Looking back on it, though, I think that choosing a women's college was one of the best things I've ever done. And I think they're some of the most important institutions we have.

It really hit home for me last spring, when I went back to campus for my 10-year reunion. Reunion weekend is traditionally held a couple of weeks after graduation, so the alumnae have the place to themselves. We stay in the dorms, eat in the dining halls and generally take over like we never left. And - unlike the high school reunion I went to a couple of weeks ago - people mostly don't bring their spouses or kids, unless the spouse is there to handle a kid or two and/or the kids are still breastfeeding. (That, right there? That desire to connect with the women you spent four years with instead of show off who you've married since? Perfect example of why Bryn Mawr is awesome. Let's call it Exhibit A.)

The result is a sort of heady freedom, the likes of which I hadn't felt since graduation. Aside from a quick trip off-campus for a fan (it was ridiculously hot) and provisions (read: booze), I barely left all weekend - but I hardly felt trapped. Quite the opposite. After dinner the first night, my class headed back to our assigned dorm, where we congregated in the living room and on the front steps, drinking, talking and reminiscing. At some point, someone spilled some red wine on my white jeans. I went upstairs to throw on my pajamas instead, and when I came down, everyone had disappeared.

I was barefoot, wearing only a nightgown, and had only my dorm key (actually a fancy electronic fob) and phone with me, but I set off in search of my classmates anyway. I strolled across the green, savoring the feeling of the grass beneath my feet and the view of actual stars overhead. I had one ear tuned to the night's sounds, listening for the raucous laughter that would eventually lead me to my friends. But - for the first time in years - I felt completely safe. Yes, I was tipsy, and yes, it was dark out, and yes, I was alone - but, unlike every time I walk home late at night in New York, I didn't feel the need to be on guard at all. I felt completely and utterly protected.

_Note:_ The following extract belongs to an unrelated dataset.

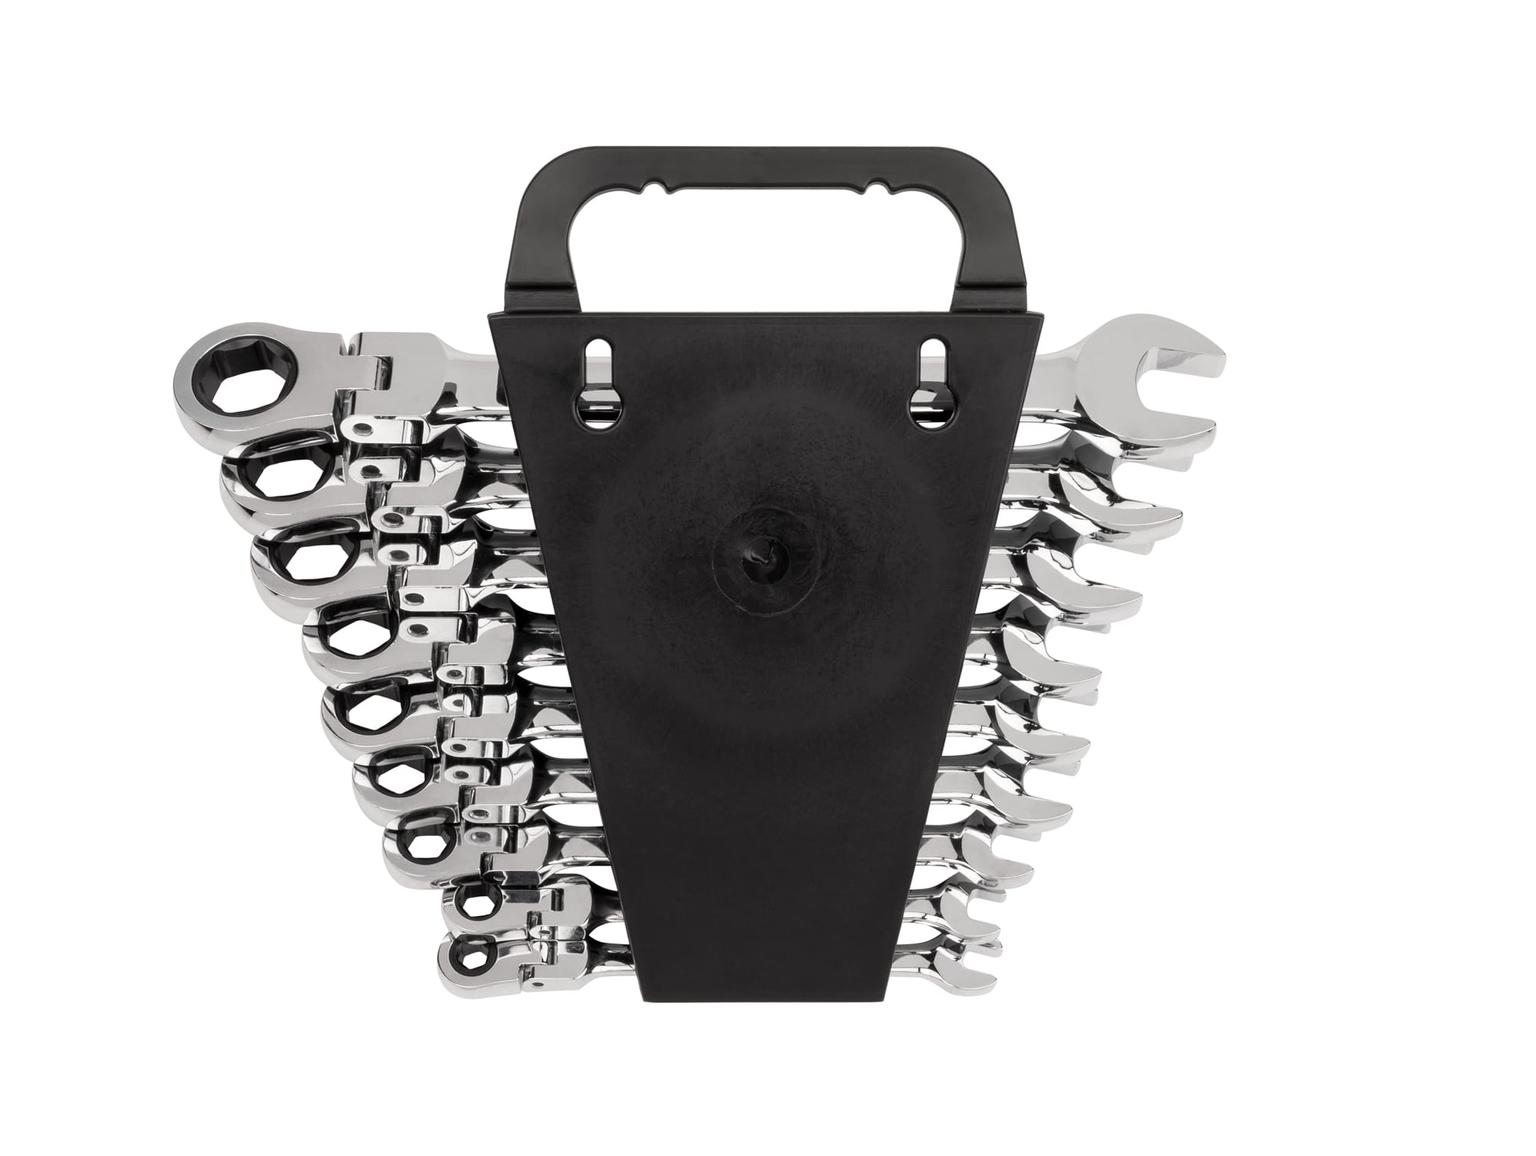 TEKTON WRN57067-T Flex Ratcheting Combination Wrench Set with Holder, 9-Piece (1/4-3/4 in.)

Protected not just from physical harm, but also from the need to be dressed up, or to present myself with any kind of artifice, or to censor my thoughts or feelings. Because, you see, an institution devoted to women gives you a little taste of what it might be like to actually be on equal footing in the real world. Suddenly, you're the center of attention, and not for the usual, creepy, physical reasons. Yes, you have the freedom to not wear makeup and so on, but you have more than that: an entire institution devoted entirely to you. This, kids, is what it must feel like to be the privileged gender, to be the default. And, let me tell you: it doesn't suck. (Also, they give us lanterns. I know!)

It was a feeling I didn't notice until after I left. I know, I know: between this whole "you don't know how good you have it" thing and my wonder at the newfangled keys, you must be thinking, "Curmudgeon!" But I think that's actually part of what makes it so powerful: you can learn to take that feeling for granted. It can be had, and it can become your normal. That's...amazing.

Until I can have that feeling of safety - both physical and intellectual - in the real world, places like Bryn Mawr will not stop being incredibly important. Until I feel in every arena the way I felt at Bryn Mawr, women need the option of that experience. Because now that I've had it, I won't settle until it's universal.